Now, sometimes you have prior information about how groups of nodes are connected to each other and want to exploit that. This can take the form of a global ordering, where variables can be ordered in such a manner that edges only go from left to right, for example. However, sometimes you have layers in your network where variables are a part of these layers and can only have parents in another layer.

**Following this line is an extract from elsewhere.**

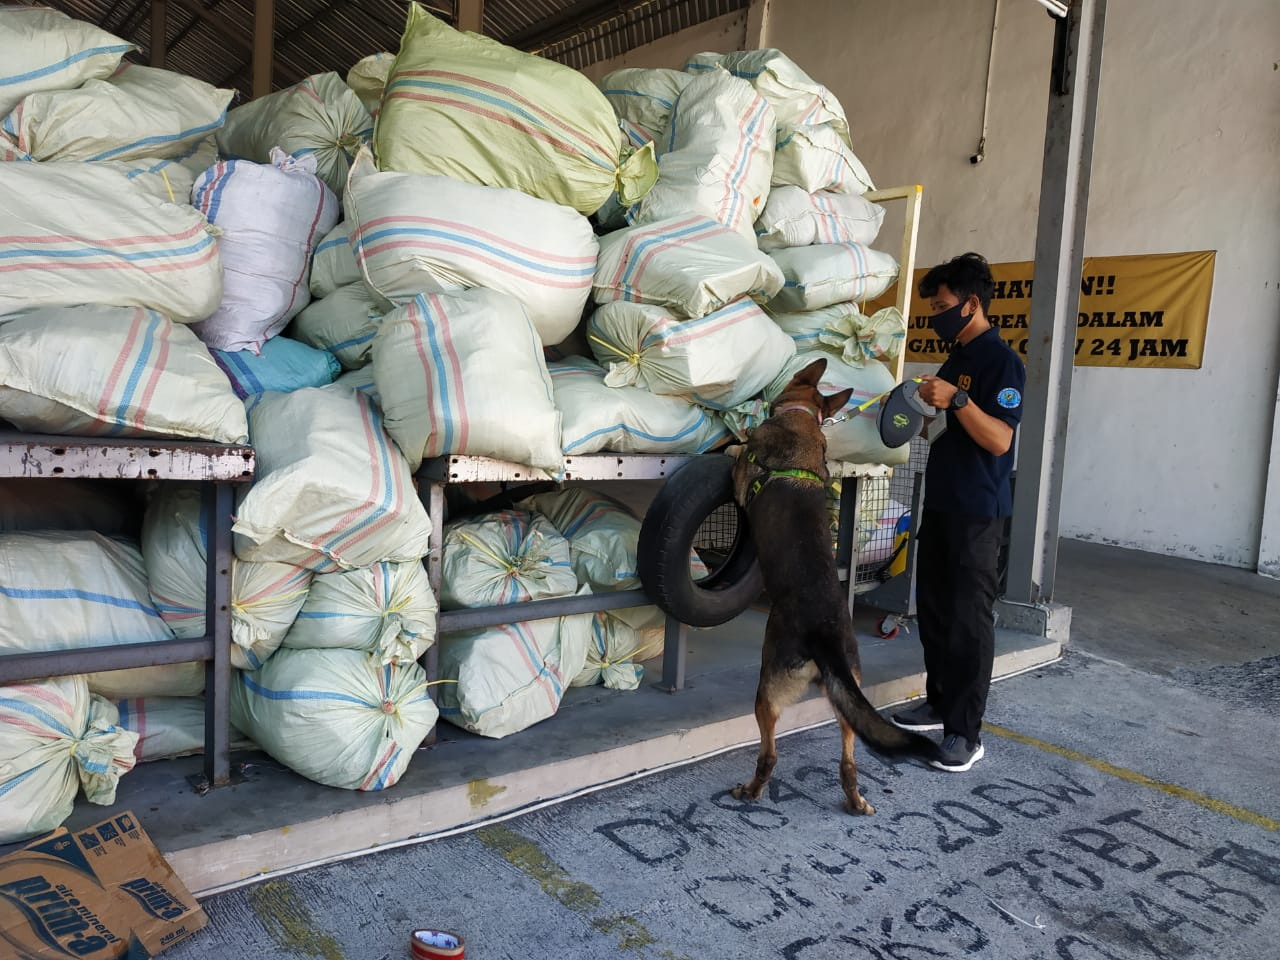 Pelacakan Narkotika di Perusahaan Jasa Titipan (PJT) Swasta

Lets consider a diagnostics Bayesian network like the following (no need to read code, the picture is all that is important for now):
In [9]:
from pomegranate import DiscreteDistribution, ConditionalProbabilityTable, Node
BRCA1 = DiscreteDistribution({0: 0.999, 1: 0.001})
BRCA2 = DiscreteDistribution({0: 0.985, 1: 0.015})
LCT = DiscreteDistribution({0: 0.950, 1: 0.050})
OC = ConditionalProbabilityTable([[0, 0, 0, 0.999],
[0, 0, 1, 0.001],
[0, 1, 0, 0.750],
[0, 1, 1, 0.250],
[1, 0, 0, 0.700],
[1, 0, 1, 0.300],
[1, 1, 0, 0.050],
[1, 1, 1, 0.950]], [BRCA1, BRCA2])
LI = ConditionalProbabilityTable([[0, 0, 0.99],
[0, 1, 0.01],
[1, 0, 0.20],
[1, 1, 0.80]], [LCT])
PREG = DiscreteDistribution({0: 0.90, 1: 0.10})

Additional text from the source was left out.